In this paper, we consider two-player turn-based game structures where player-1 and player-2 alternate in taking turns. Let \(t \in \mathcal {V}\) be a special variable with domain \(\left\{ 1,2 \right\} \) determining which player’s turn it is during the game. Without loss of generality, we assume that player-1 always start the game. Let \(\varSigma _\mathcal {V}^i = \left\{ s \in \varSigma _\mathcal {V}~|~s_{| t} = i \right\} \) for \(i=1,2\) denote player-i’s states in the game structure. At any state \(s \in \varSigma _\mathcal {V}^i\), the player-i chooses an action \(\ell \in \varLambda \) such that there exists a successor state \(s' \in \varSigma _{\mathcal {V}'}\) where \((s,\ell ,s') \models \tau \). Intuitively, at a player-i state, she chooses an available action according to the transition relation \(\tau \) and the next state of the system is chosen from the possible successor states. For every state \(s \in \varSigma _\mathcal {V}\), we define \(\varGamma (s) = \left\{ \ell \in \varLambda ~|~ \exists s' \in \varSigma _{\mathcal {V}'}. ~ (s,\ell ,s') \models \tau \right\} \) to be the set of available actions at that state. A run in \(\mathcal {G}\) from an initial state \(s_{init} \in \varSigma _\mathcal {V}\) is a sequence of states \(\pi =s_0s_1s_2\cdots \) such that \(s_0 = s_{init}\) and for all \(i > 0\), there is an action \(\ell _i \in \varLambda \) with \((s_{i-1}, \ell _i, s'_i) \models \tau \), where \(s'_i\) is obtained by replacing the variables in \(s_i\) by their primed copies. A run \(\pi \) is maximal if either it is infinite or it ends in a state \(s \in \varSigma _\mathcal {V}\) where \(\varGamma (s) = \emptyset \). The observation sequence of \(\pi \) is the unique sequence \(Obs(\pi ) = o_0 o_1 o_2\cdots \) such that for all \(i \ge 0\), we have \(s_i \in \gamma (o_i)\).

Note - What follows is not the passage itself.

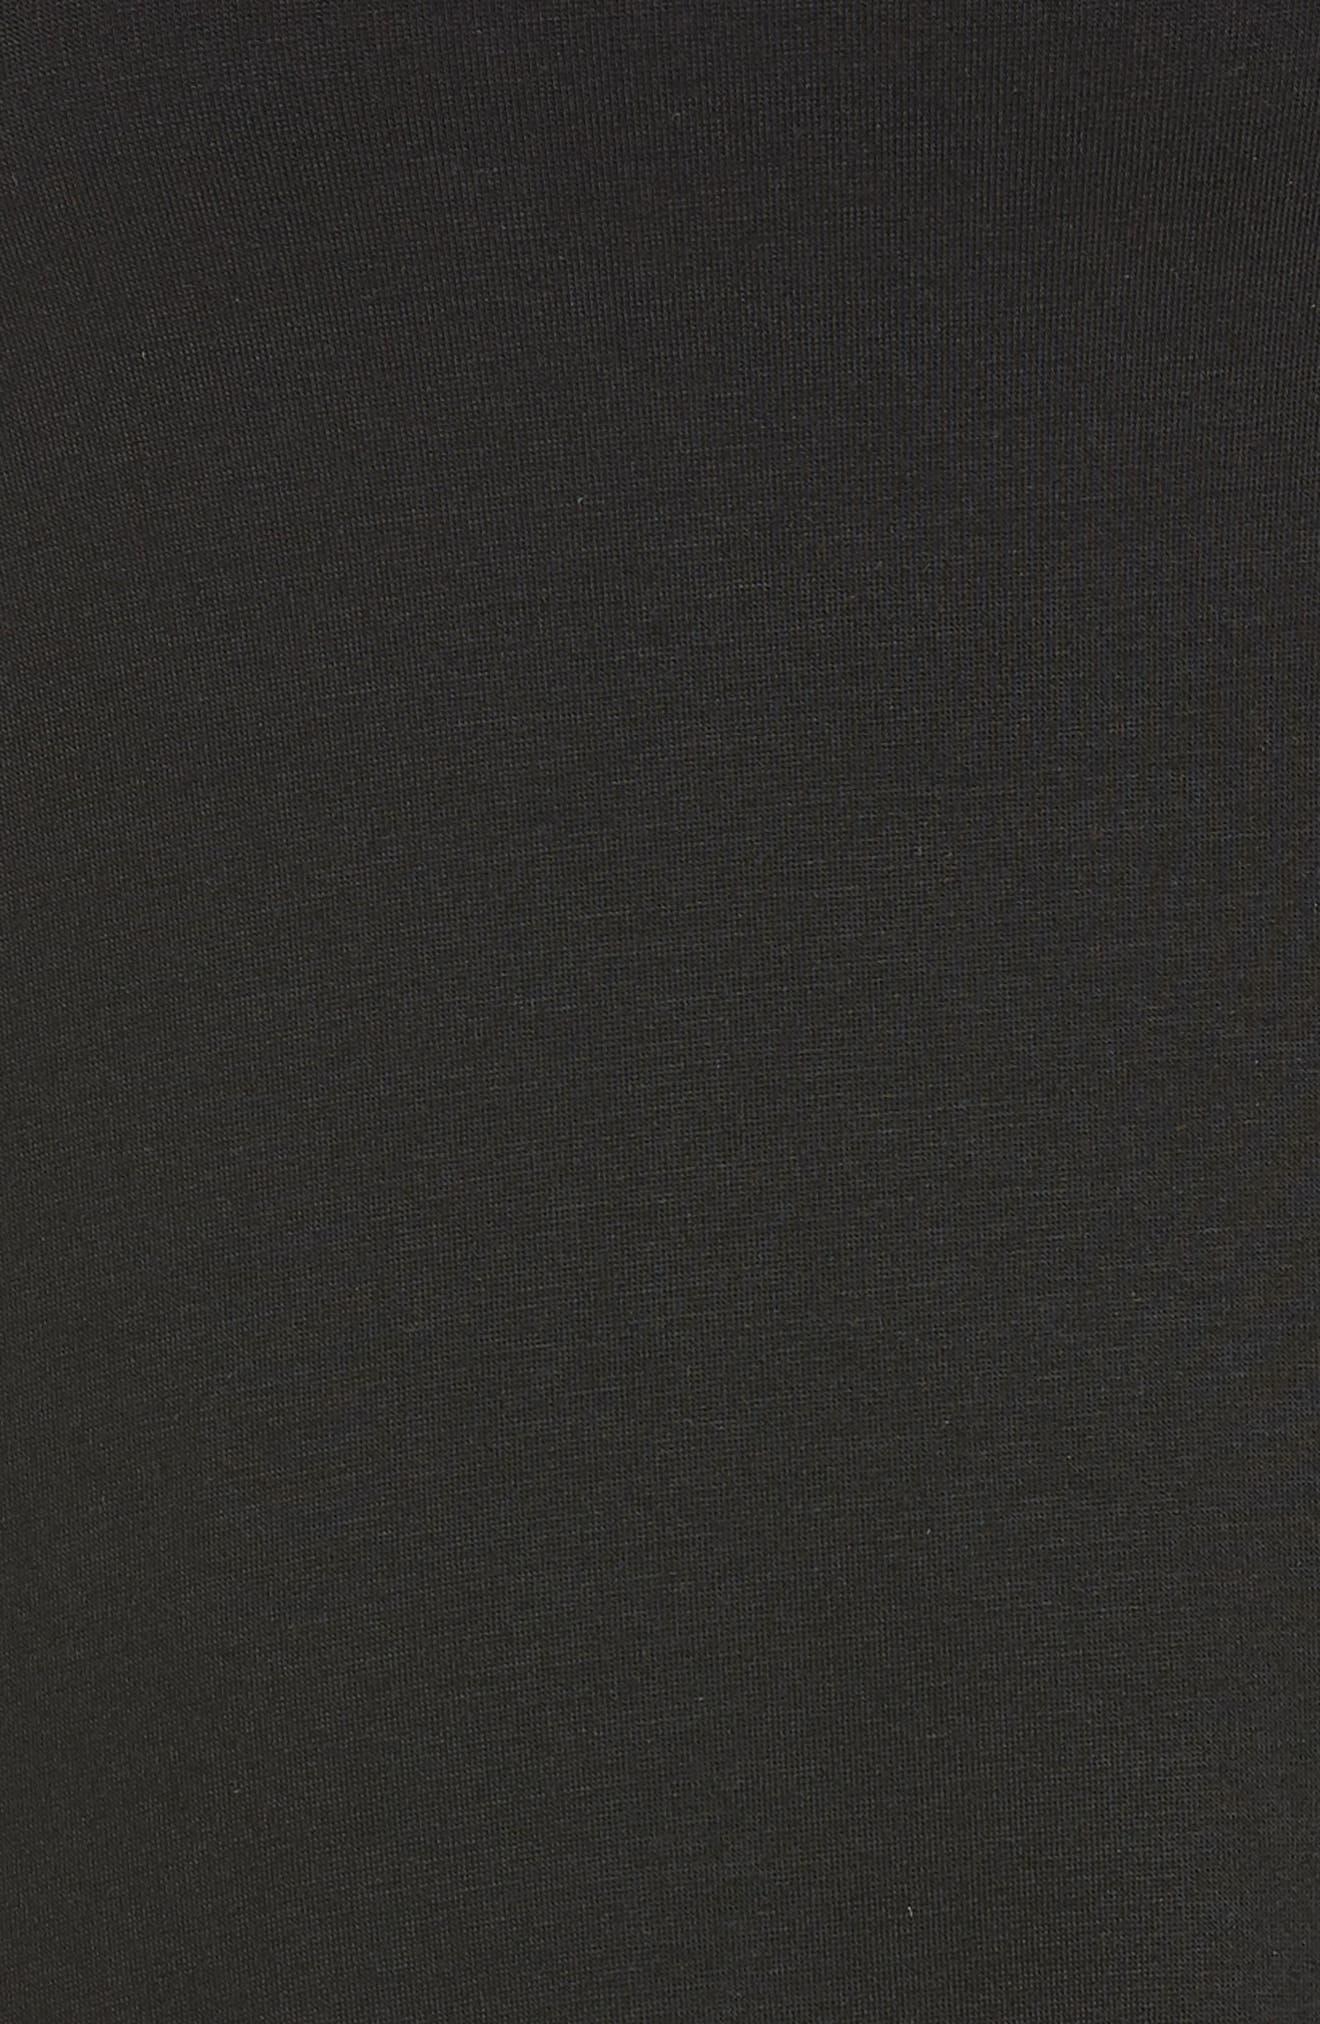 Slink It Boxy Pullover,                             Alternate thumbnail 6, color,                             BLACK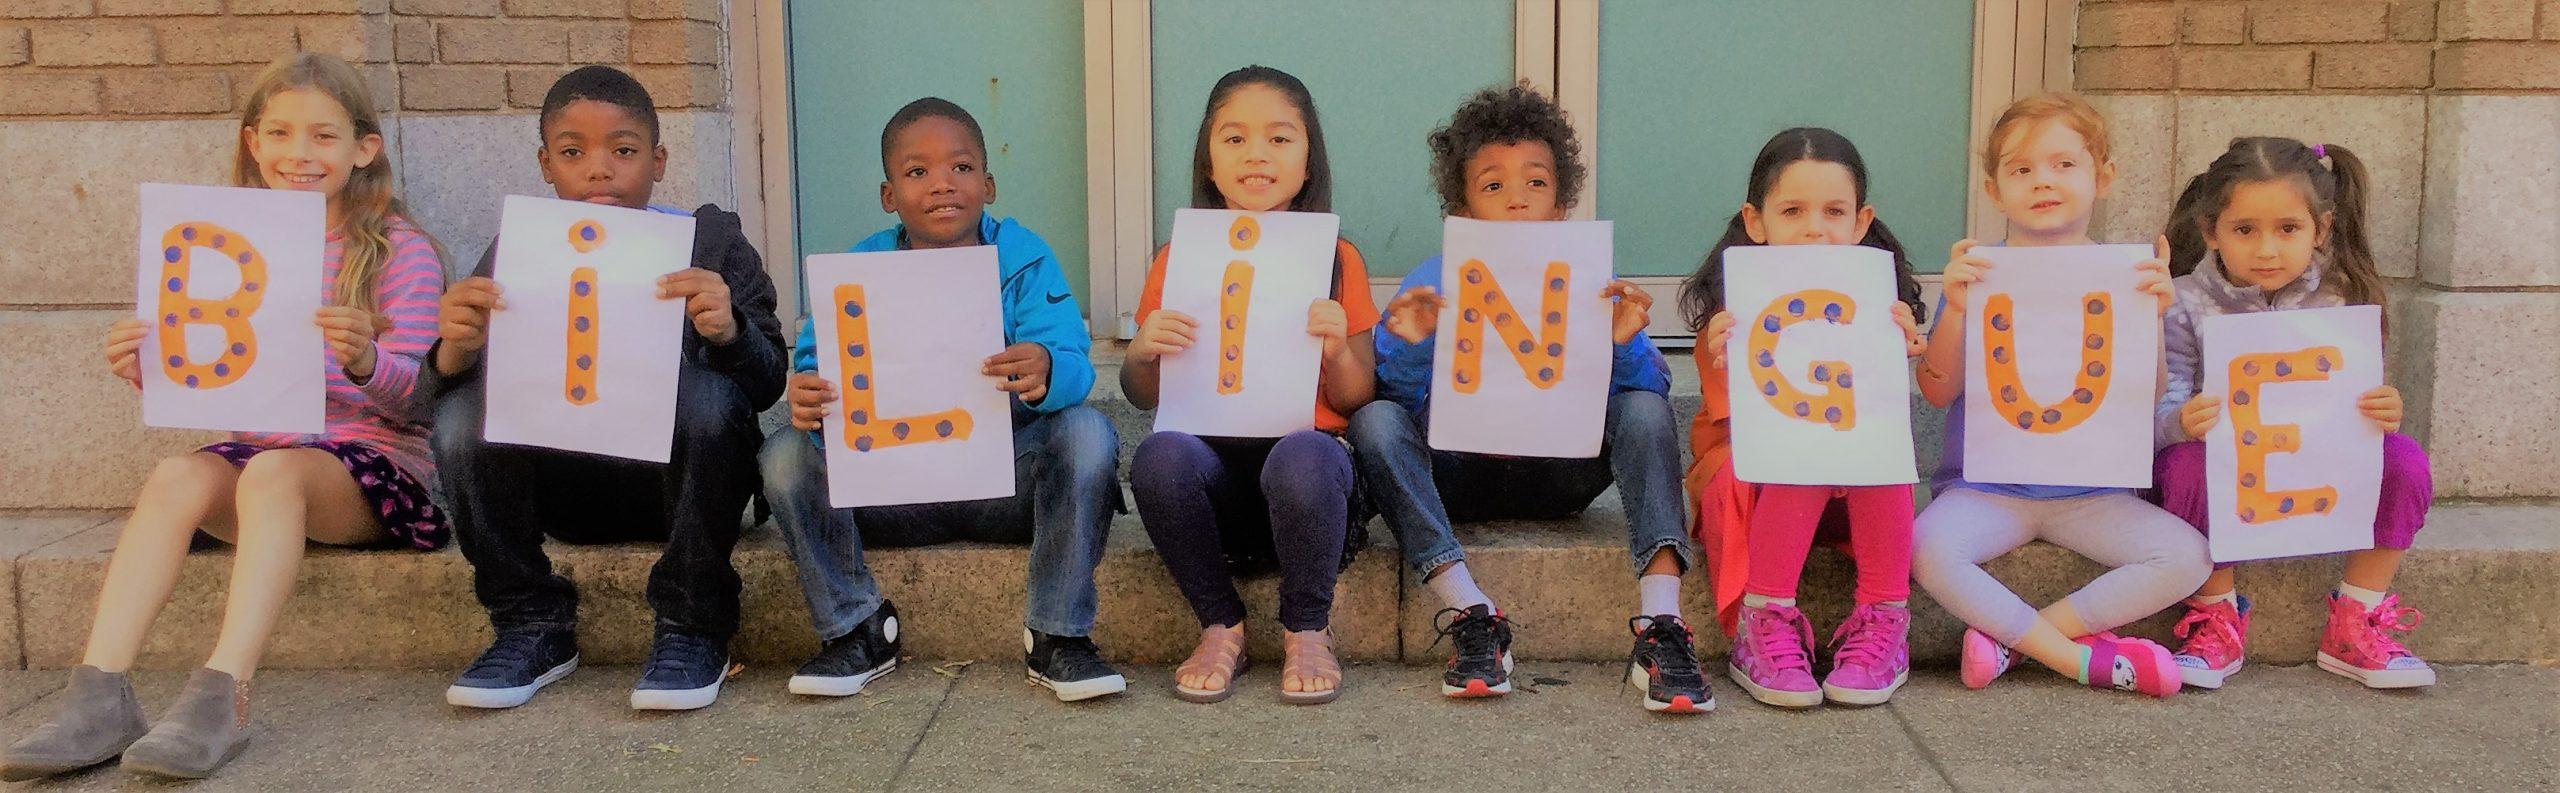 kids showing a bilingual panel

Strategies. A strategy \(\mathtt{{S}}\) in \(\mathcal {G}\) for player-i, \(i \in \left\{ 1,2 \right\} \), is a function \(\mathtt{{S}}: (\varSigma _\mathcal {V})^*.\varSigma _\mathcal {V}^i \rightarrow \varLambda \). A strategy \(\mathtt{{S}}\) in \(\mathcal {G}\) for player-2 is observation-based if for all prefixes \(\rho _1, \rho _2 \in (\varSigma _\mathcal {V})^*.\varSigma _\mathcal {V}^2\), if \(Obs(\rho _1) = Obs(\rho _2)\), then \(\mathtt{{S}}(\rho _1) =\mathtt{{S}}(\rho _2)\). In this paper, we are interested in the existence of observation-based strategies for player-2. Given two strategies \(\mathtt{{S}}_1\) and \(\mathtt{{S}}_2\) for player-1 and player-2, the possible outcomes \(\varOmega _{\mathtt{{S}}_1,\mathtt{{S}}_2}(s)\) from a state \(s \in \varSigma _\mathcal {V}\) are runs: a run \(s_0s_1s_2\cdots \) belongs to \(\varOmega _{\mathtt{{S}}_1,\mathtt{{S}}_2}(s)\) if and only if \(s_0=s\) and for all \(j \ge 0\) either \(s_j\) has no successor, or \(s_j \in \varSigma _\mathcal {V}^i\) and \((s_j,\mathtt{{S}}_i(s_0\cdots s_j),s'_{j+1}) \models \tau \) where \(s_j \in \varSigma _\mathcal {V}^i\).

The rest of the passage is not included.